Geographic Footprint of Apple

Pan, zoom and hover on the interactive map

Hide Lines

Here is what we can gather from playing around.

  • 1. Asia is heavily involved in the manufacturing and assembly process.
  • 2. Europe and North America are moderately involved.
  • 3. Africa, South America and Oceania play a very small role. There may be an explanation for this (see immediately below).
  • 4. Raw materials producers from Africa, South America and Oceania are noticeably absent. Apple seems to only include firms which are involved in the intermediate product and process.
  • 5. China, South Korea, Japan and Taiwan house the majority of suppliers. The big names are Samsung, SK Hynix, LG, Panasonic, Sharp, TSMC and Foxconn.
  • 6. Apple does involve a fair number of U.S. suppliers, most notably Micron, Intel and Qualcomm.
  • 7. Each address does not represent a unique supplier. A single company may have multiple divisons/offices which contribute differently. Samsung is represented more than ten times in this map through its many global subsidiaries and offices.
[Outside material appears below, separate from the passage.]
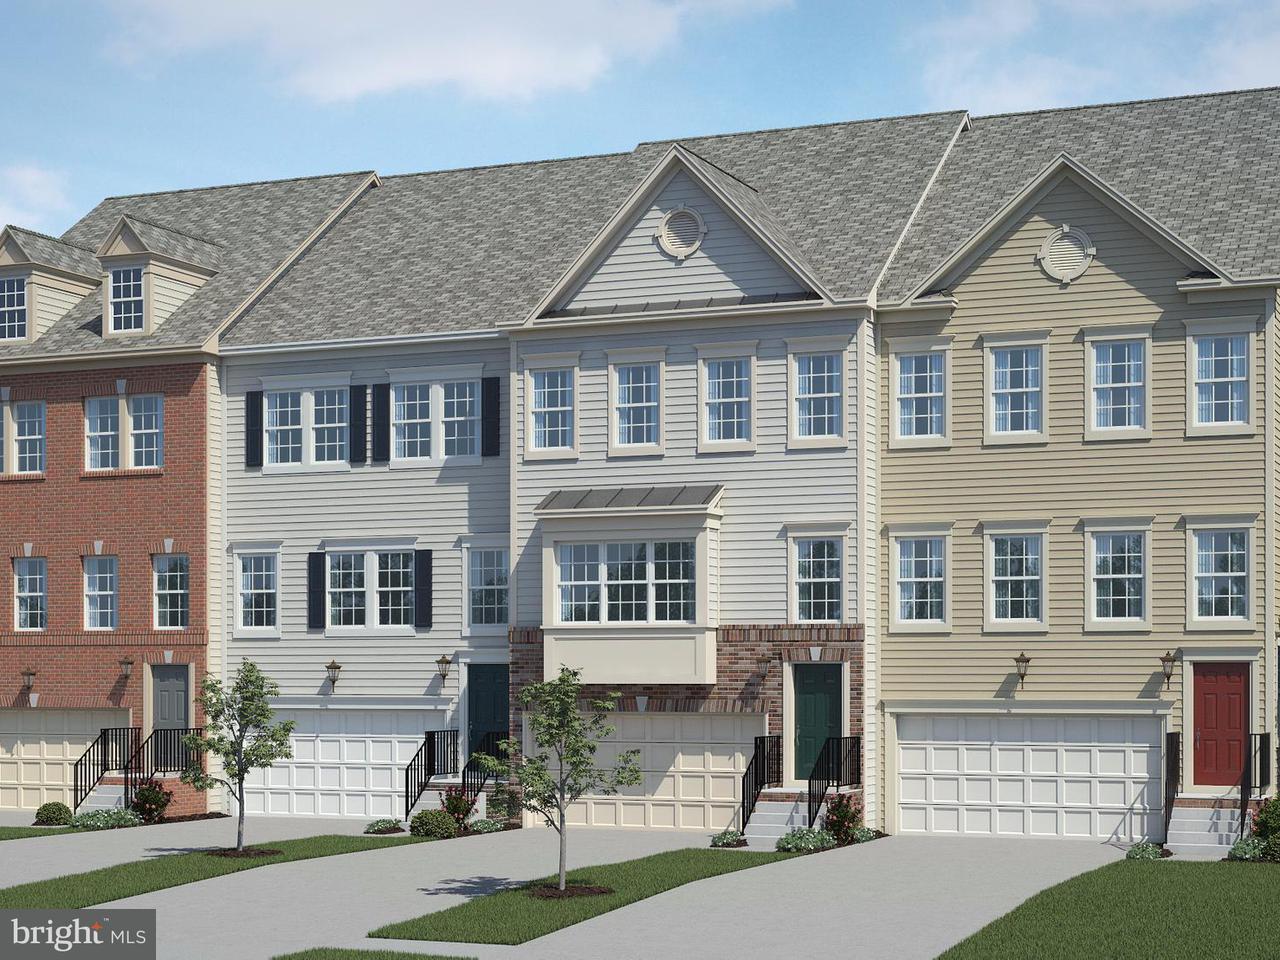 Townhouse for Sale at 2507 HYACINTH Lane 2507 HYACINTH Lane Gambrills, Maryland 21054 United States

Let's distill this even further by generating a leader board of the countries with the largest number of registered addresses involved in Apple's supply chain.

So who really makes the iPhone?

Evidence from Apple's Supply Chain document

China leads the pack with more than 300 registered addresses. The iPhone is most definitely assembled in China.
This is 200 more than the next leader. Japan is followed by two more East Asian countries: Taiwan and South Korea. The United States is the only Western country to break the top 10.
And then there is a steep dropoff which continues the power law pattern of this leaderboard.

The take-away from all of this? Apple is just as much an international employer as it is a domestic one, owing to the iPhone's global supplier footprint. How did it get to this? After all, it was only 12 years ago that Apple was producing the iMac from its Elk Grove plant. How did companies with foreign names like Foxconn and Kyocera get involved? The answer? Scale. In terms of units sold, the iPhone is the most successful consumer product ever created. More than 1.2 billion iPhones and 15 distinct models have been sold since January 2007. For Apple, producing devices in the hundreds of millions annually required answering many technical and economic questions. The good answers, almost every time, were founded by a global community and labor force.

Though components differ between versions, modern iPhones contain nearly 500 parts, an estimated 90 percent of which are manufactured and assembled outside of the United States. Advanced semiconductors have come typically come from Germany and the U.S., memory from Korea and Japan, display panels and circuitry from Korea and Taiwan and raw materials from Africa and South America. And everything is put together in Shenzhen, China and finally distributed to their ultimate destinations over the seas by several 200,000 ton transport vessels operated by a Danish-operated but Japanese financed container shipping company. If that isn't one of the most complete representations of modern international trade and economic growth, I don't know what is.

Notes

Scraping a PDF document is a notoriously difficult job. For this piece, I used a Java program called Tabula to accurately parse any tables in Apple's Supply Chain document. With those addresses in a neat CSV file, I used Google's Geocoding API to derive the lat lon coordinates. To ensure their accuracy, I plotted each lat lon coordinate on a map to see if they returned accurately.

Many thanks to the people at Bloomberg, especially Max Chafkin and Ian King who published this wildly popular piece in the Fall of 2017. Their work has long been an inspiration to me, and I would like to thank them for their crisp images of each iPhone component that are the foundations for my own piece.